• [ACTIVITY]
The whole listing needs retyping exactly; keep the pictures out of it.
*** Opening of STORED DATA ***
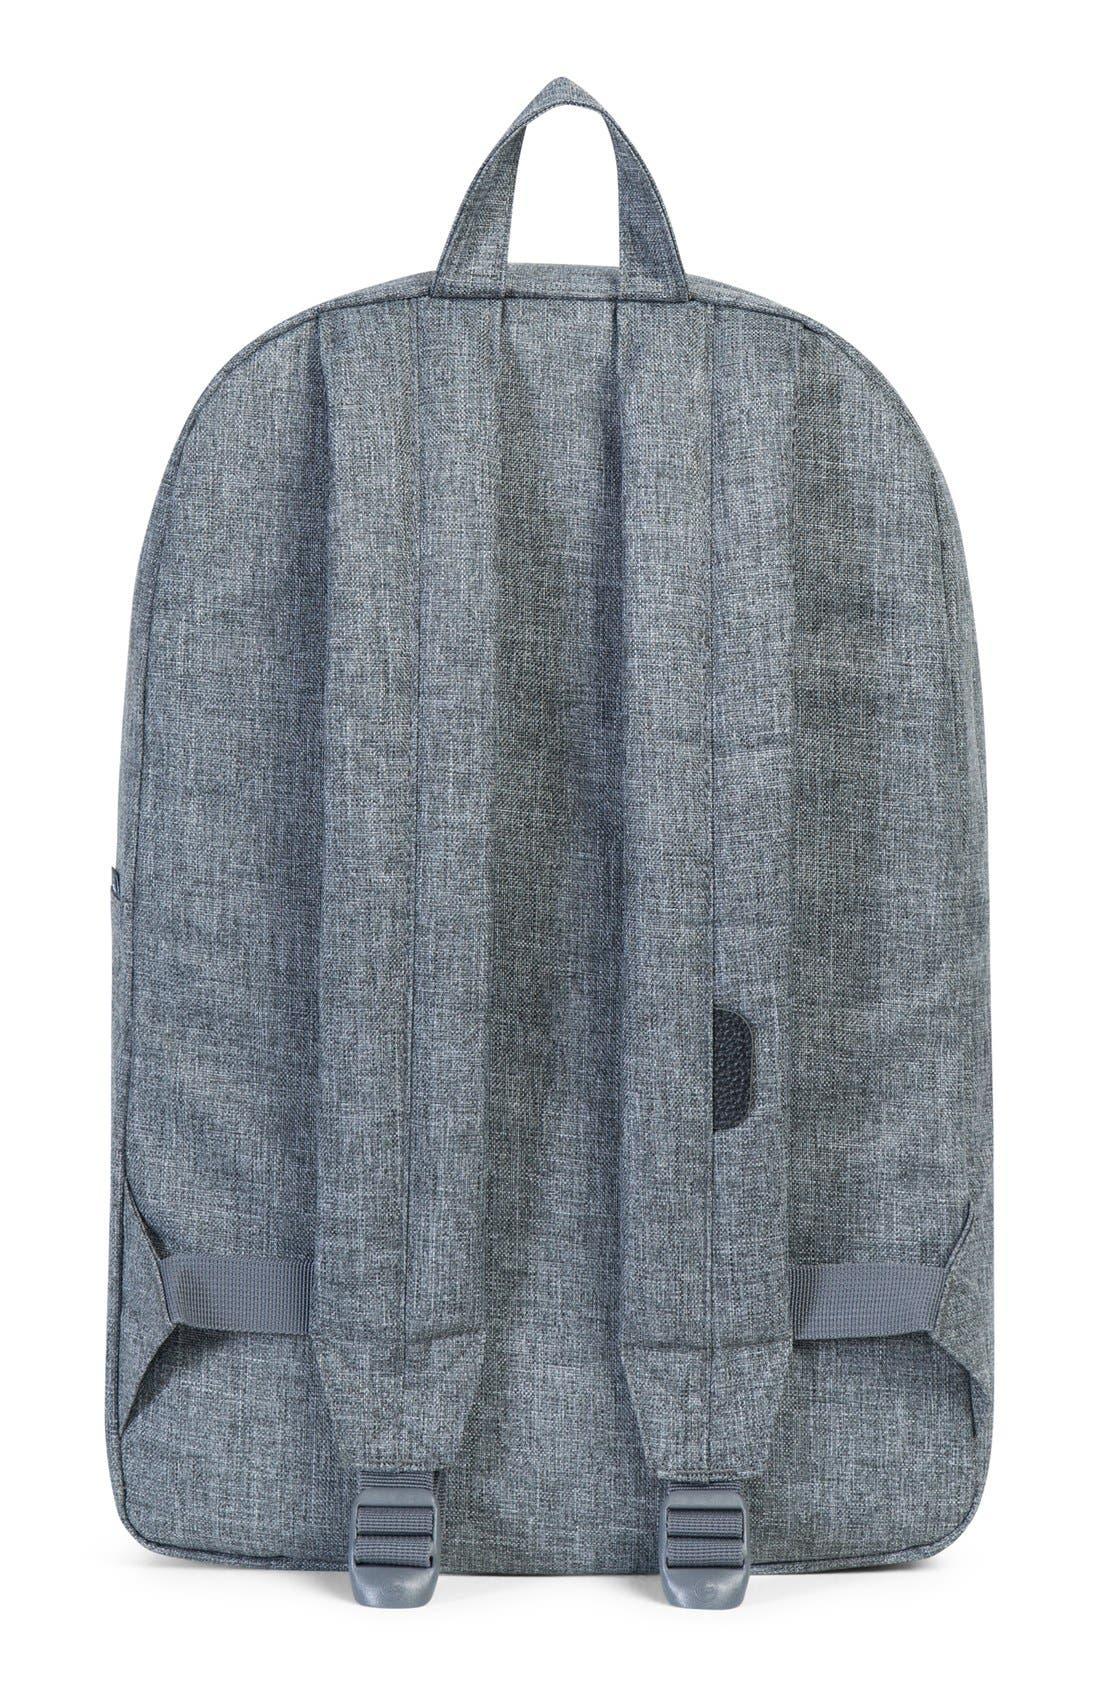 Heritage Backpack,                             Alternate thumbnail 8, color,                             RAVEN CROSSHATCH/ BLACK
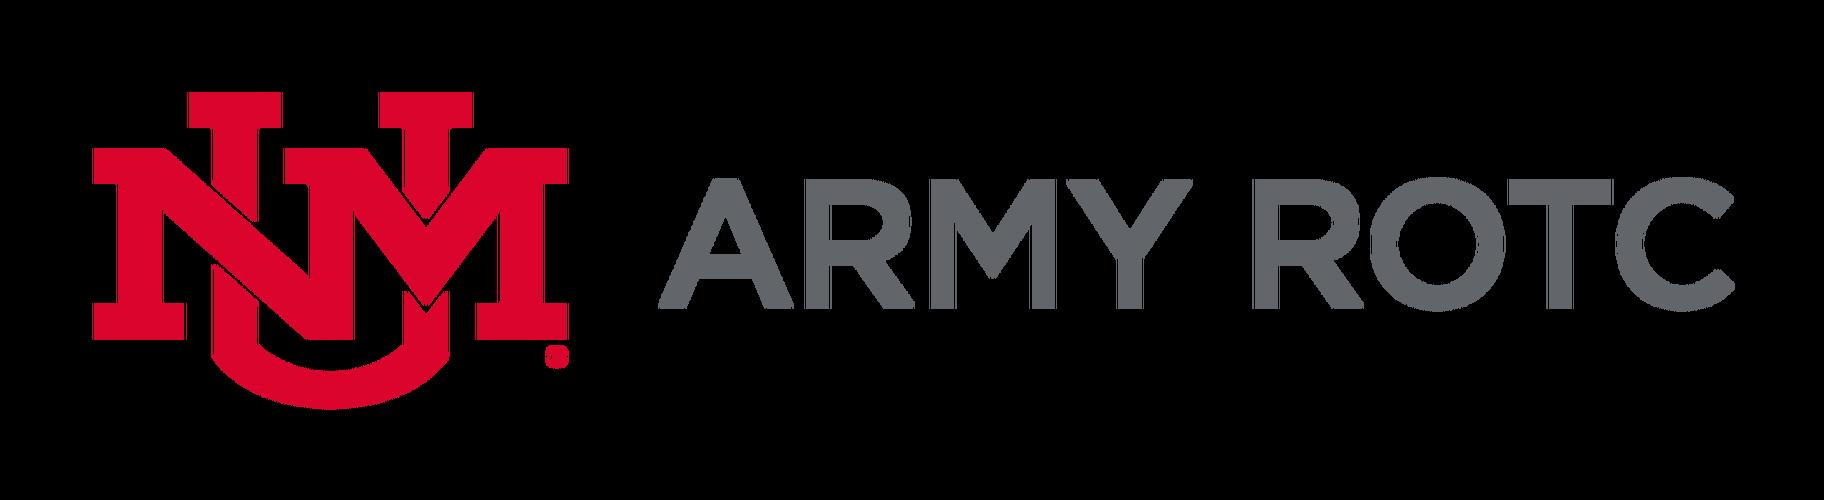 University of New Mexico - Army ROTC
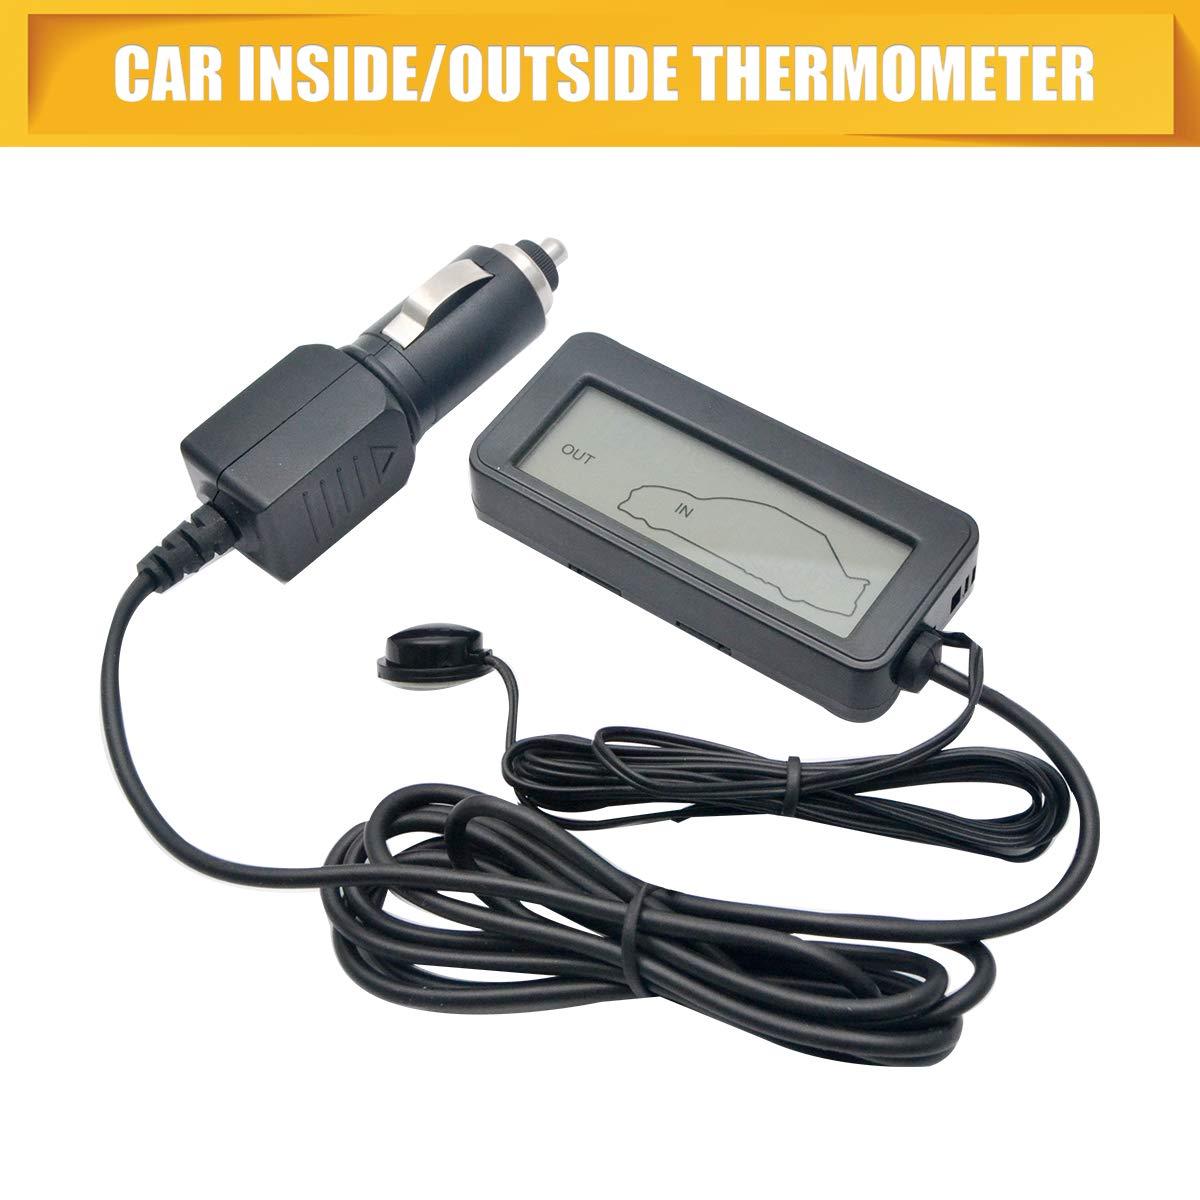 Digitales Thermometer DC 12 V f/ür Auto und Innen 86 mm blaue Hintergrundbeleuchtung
*** Close of STORED DATA ***
• [RESPONSE TO THE EXERCISE]
 Heritage Backpack,                             Alternate thumbnail 8, color,                             RAVEN CROSSHATCH/ BLACK
 University of New Mexico - Army ROTC
 Digitales Thermometer DC 12 V f/ür Auto und Innen 86 mm blaue Hintergrundbeleuchtung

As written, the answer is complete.